Ok, if no macphisto, then a new character on the level macphisto was. The only reason i'm bringing this up is because im thinking about the whole zooropa II release that could happen next year with a subsequent tour. Maybe on the record he could sing in a new character and tour with it like he did with zooropa.

I understand what macphisto was about, and that if he did anything like that now hed do it with a straight face. But if he sinply brought back the theatrical part of it with a new meaning. Something new we get to wrap our heads around. Something to put the show back in showbusiness.
 
yes, like something other than irony?
pretty much anything else.

Like, be fucking sincere but don't be self-righteous like 1988 or so annoyingly self-aware rock star like 2001, but just be sincere.

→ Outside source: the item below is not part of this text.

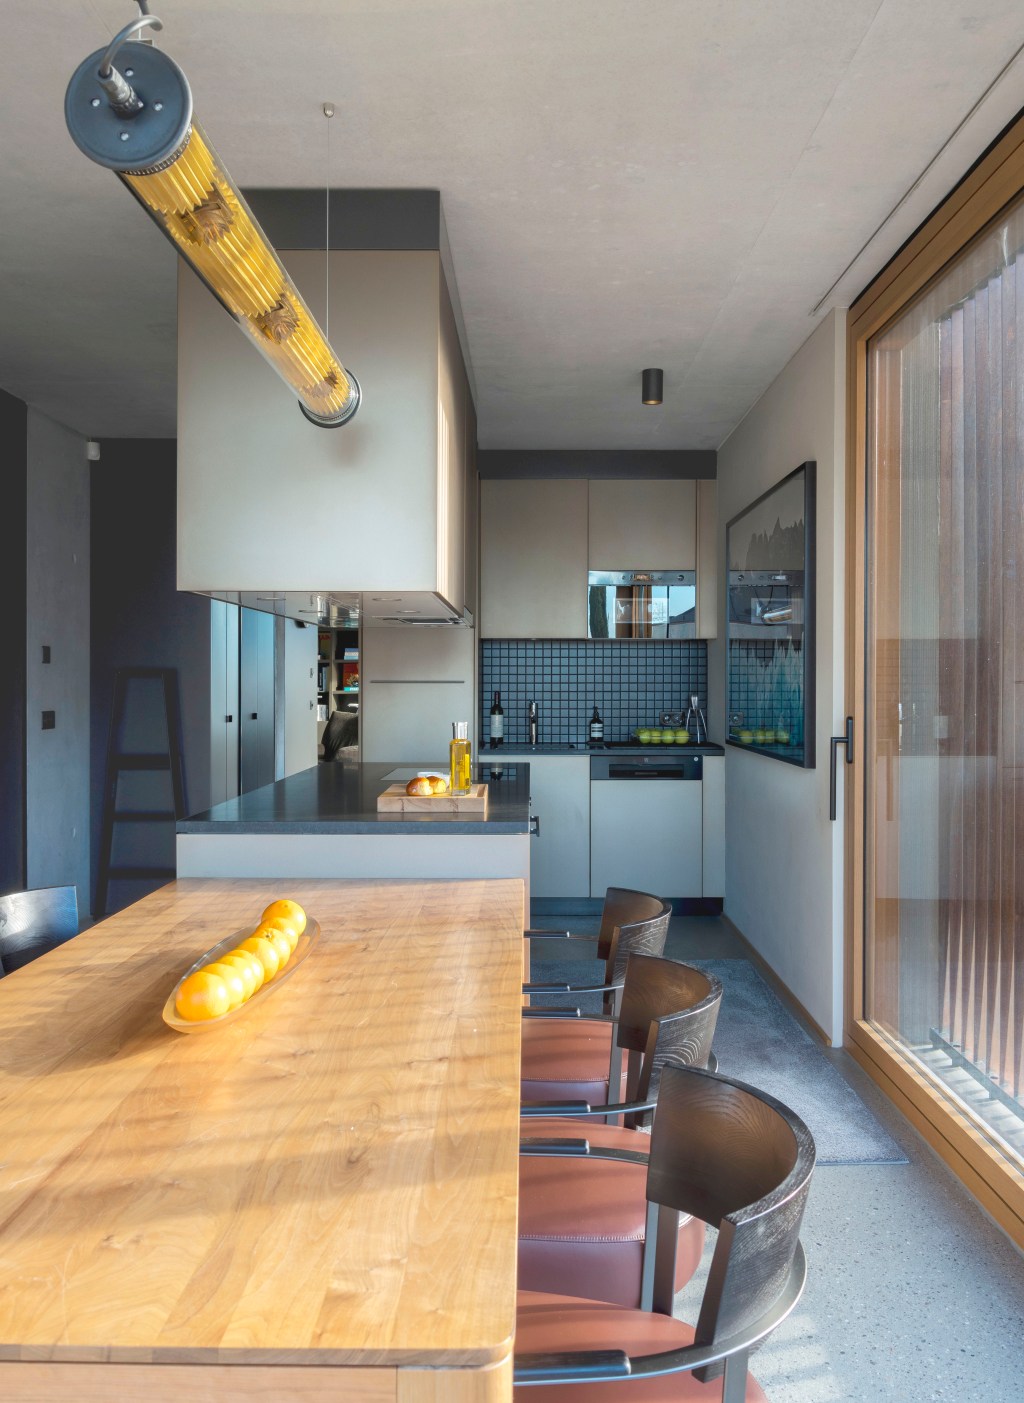 David Bastos projeta apartamento na Suíça repleto de design assinado. Na foto, cozinha com bancada, mesa e armários suspensos.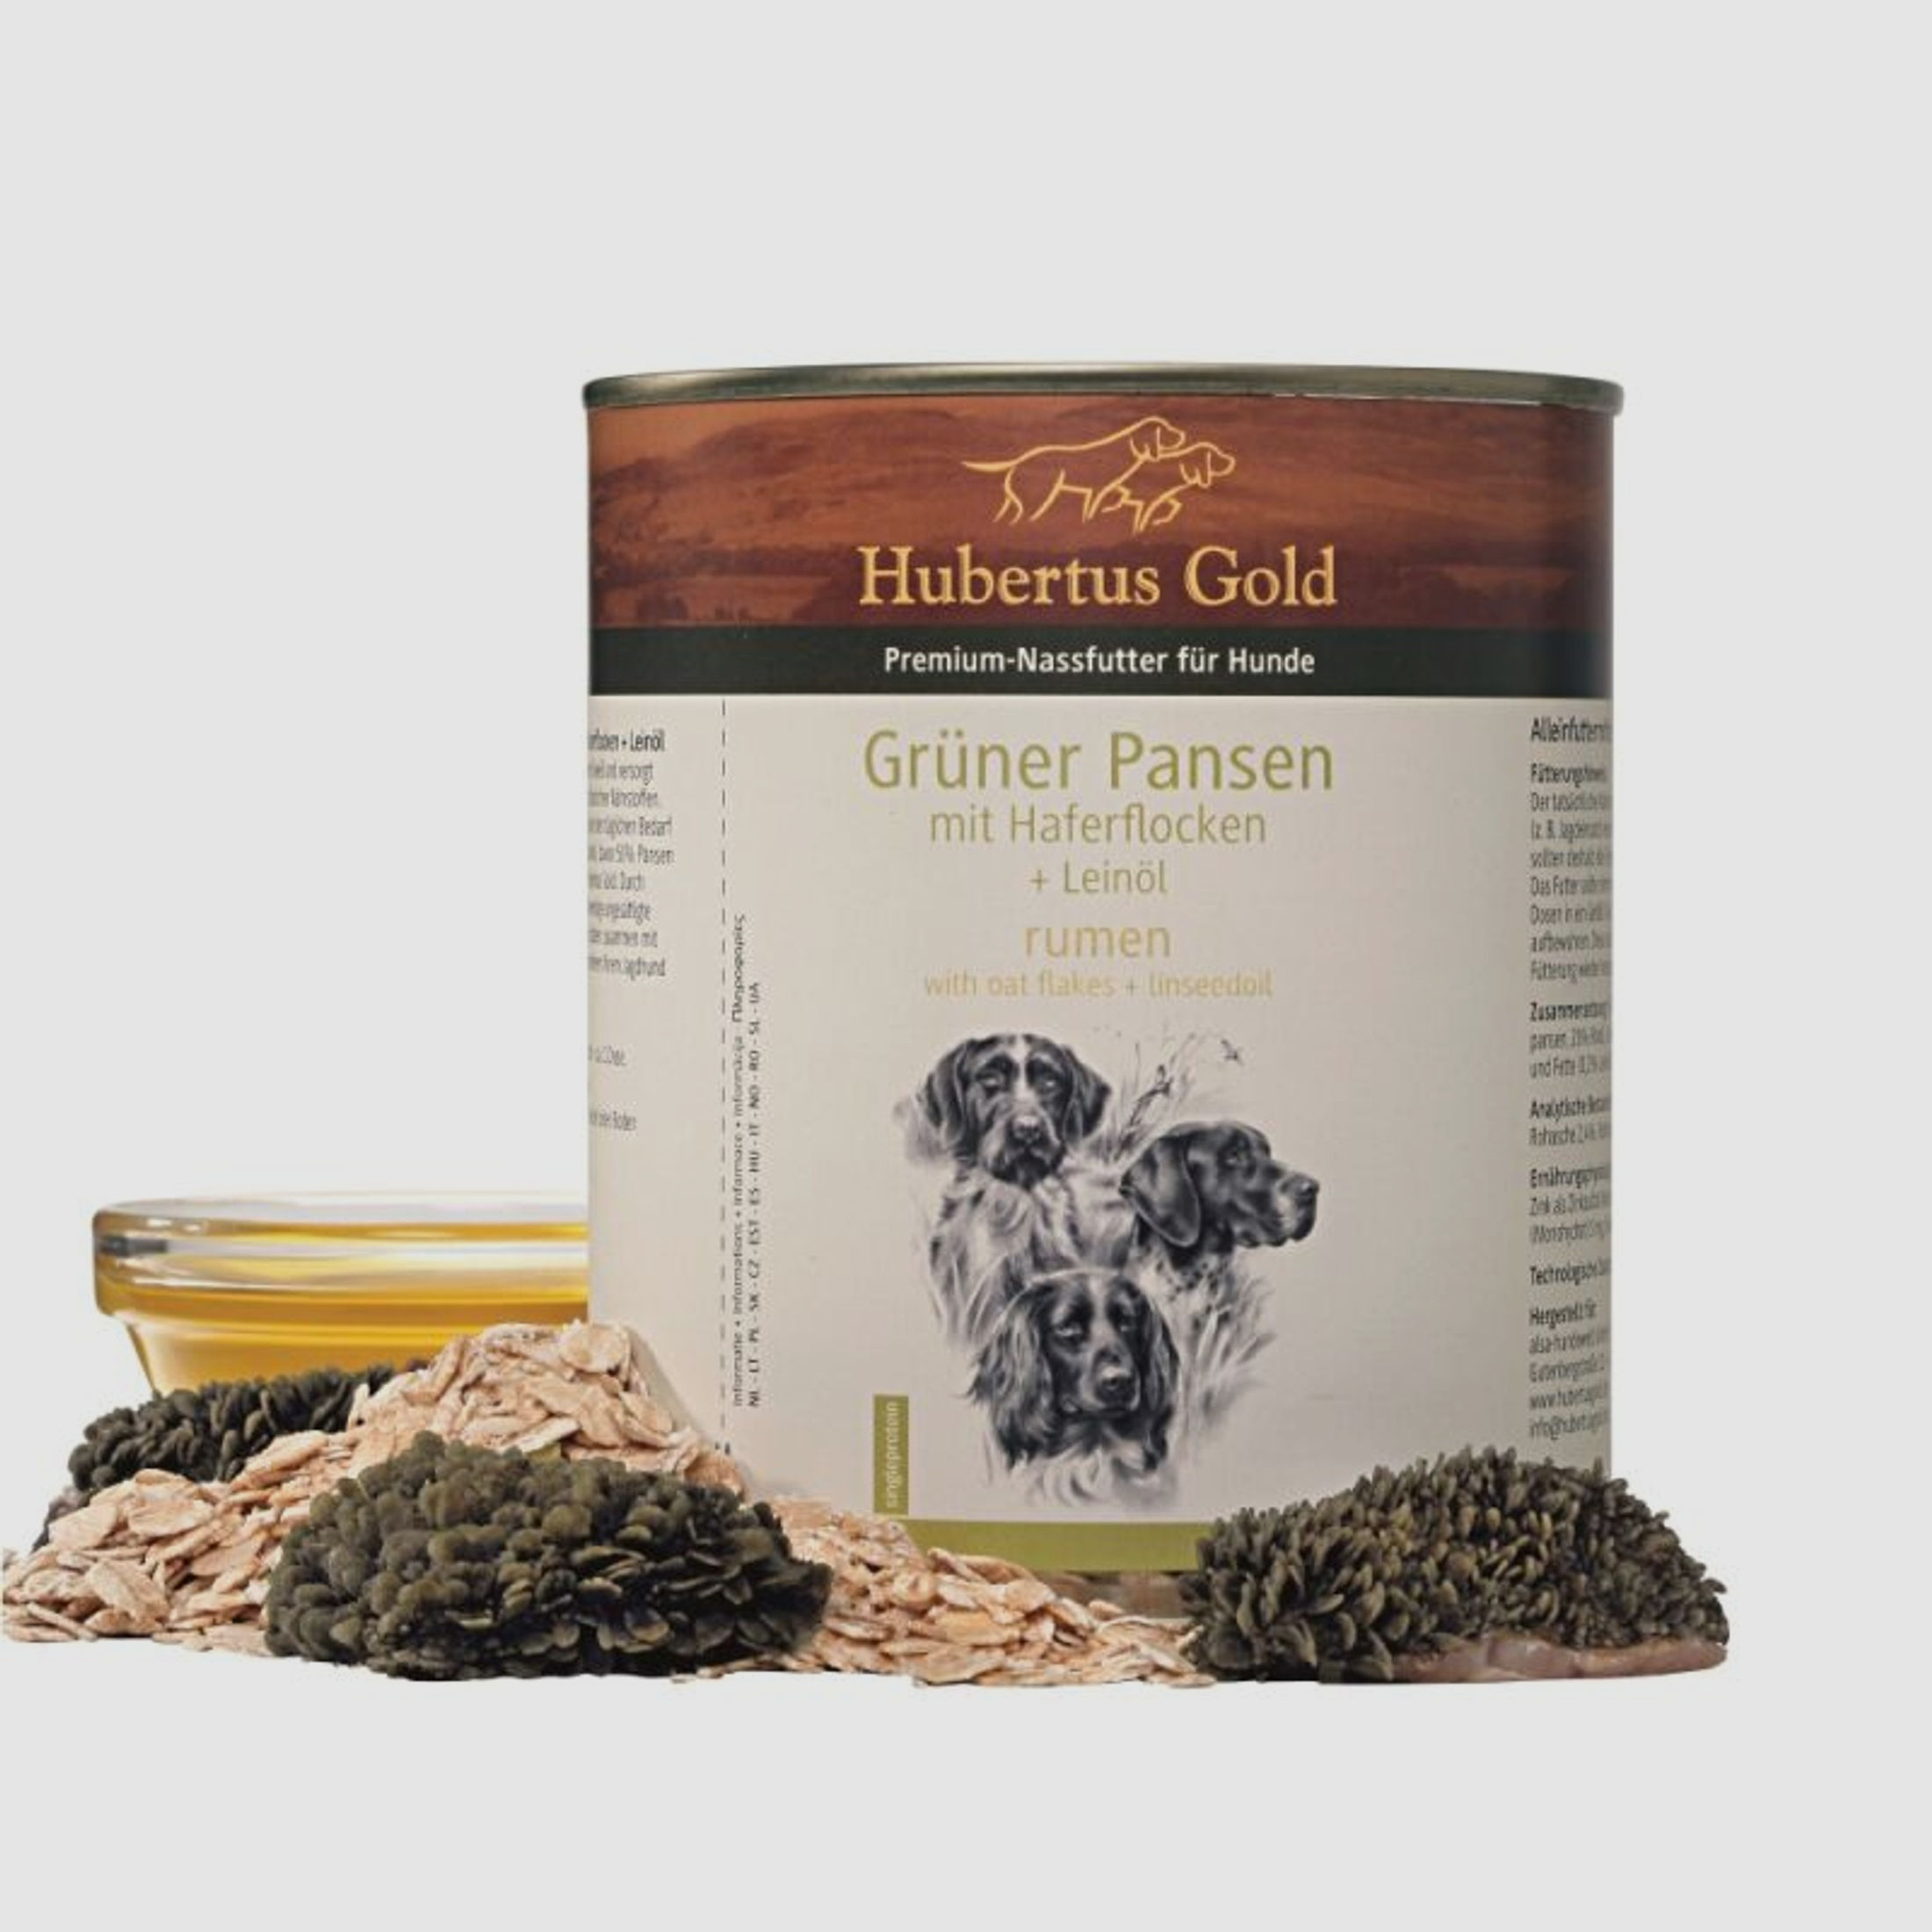 Hubertus Gold Premium-Nassfutter Grüner Pansen mit Haferflocken + Leinöl 800g

Maybe Bono should go by Paul and drop the fucking shades.
Get as real as possible. Sincerity baby.
With a touch of theatre, a nod and a wink to those paying attention closely.

or whatever. I am drinking some good bourbon tonight waiting on Conan's show.
 
Earnie Shavers said:

Then there's MacPhisto C - Singing Lemon and With or Without You, which I think is truly Bono at his most revealing. The lyrics to both songs suddenly spring to a whole new life, and the difference in MacPhisto's 'act' couldn't be more striking between the two songs. First Lemon. Bright lights and a big show. Confidence, bravado, sexually suggestive attention seeking to the highest degree, "needing the love of 20,000 people just to feel normal" as Bono likes to say. Grabbing the camera and spinning it out to the crowd, showing off his popularity, even humping the thing.

Then the heartbeat rhythm of With Or Without You kicks in, the lights go down to darker blues, and suddenly MacPhisto is slow and sullen. His make-up running down as he's searching out into the crowd like he's looking for one individual face that he knows and has been searching for for most of his life - "I can't live With or Without You..." The camera this time is softly asked to come closer, as if he's asking it to comfort him. This time he pulls it in towards his heart...

You suddenly know exactly who he's singing about in both songs, and the meanings of both are instantly the same. In that character and in that 'act' is probably Bono's most honest on stage moment.

It's stuff like that that I do miss. There's more in that MacPhisto set of songs then in an entire Elevation or Vertigo show - if you're paying attention.

That is soooooo true... despite the makeup, Bono really looks his most vunerable as Macphisto. You can actually see his eyes, which is something I'm afraid we'll never see again... :| come on Bono, take off the shades like you did during Elevation, will ya?

I agree that Macphisto wouldn't really work now. Saying something in the Mac voice or maybe doing a prank phone call to someone (not the president) for some special occasion maybe, but not the whole character. It'd just be weird. I wonder if Bono will come up with any more stage characters, so to speak.
 
AtomicBono said:


That is soooooo true... despite the makeup, Bono really looks his most vunerable as Macphisto. You can actually see his eyes, which is something I'm afraid we'll never see again... :| come on Bono, take off the shades like you did during Elevation, will ya?

That is what we certainly need. The moments when the shades come off are the ones when you see Paul Hewson, singing the songs he's written for Bono to sing for him.
 
Achtung BAby = greatest album ever
Zoo TV = Greatest tour ever.

however, i think mr. mac should remain in history. It was all done to perfection, let it stay that way.
 
Yes it would be a step backward. It'd be like saying there is nothing new left to do so lets just rehash all the old things we used to do. It'd be gimmicky. The first time it was original and sure maybe a bit gimmicky but it was cool. To do it again would be redundent and unimaginative. AS for the person who compained about the Vertigo stage looking WAY too much like the Elevation stage don't you think that even if it does look extremely similar it's still the best stage in music. I mean stretching the catwalk way out inot the crowd and having people fill the inside is the coolest thing. So much better than the standard stage at the front of the venue.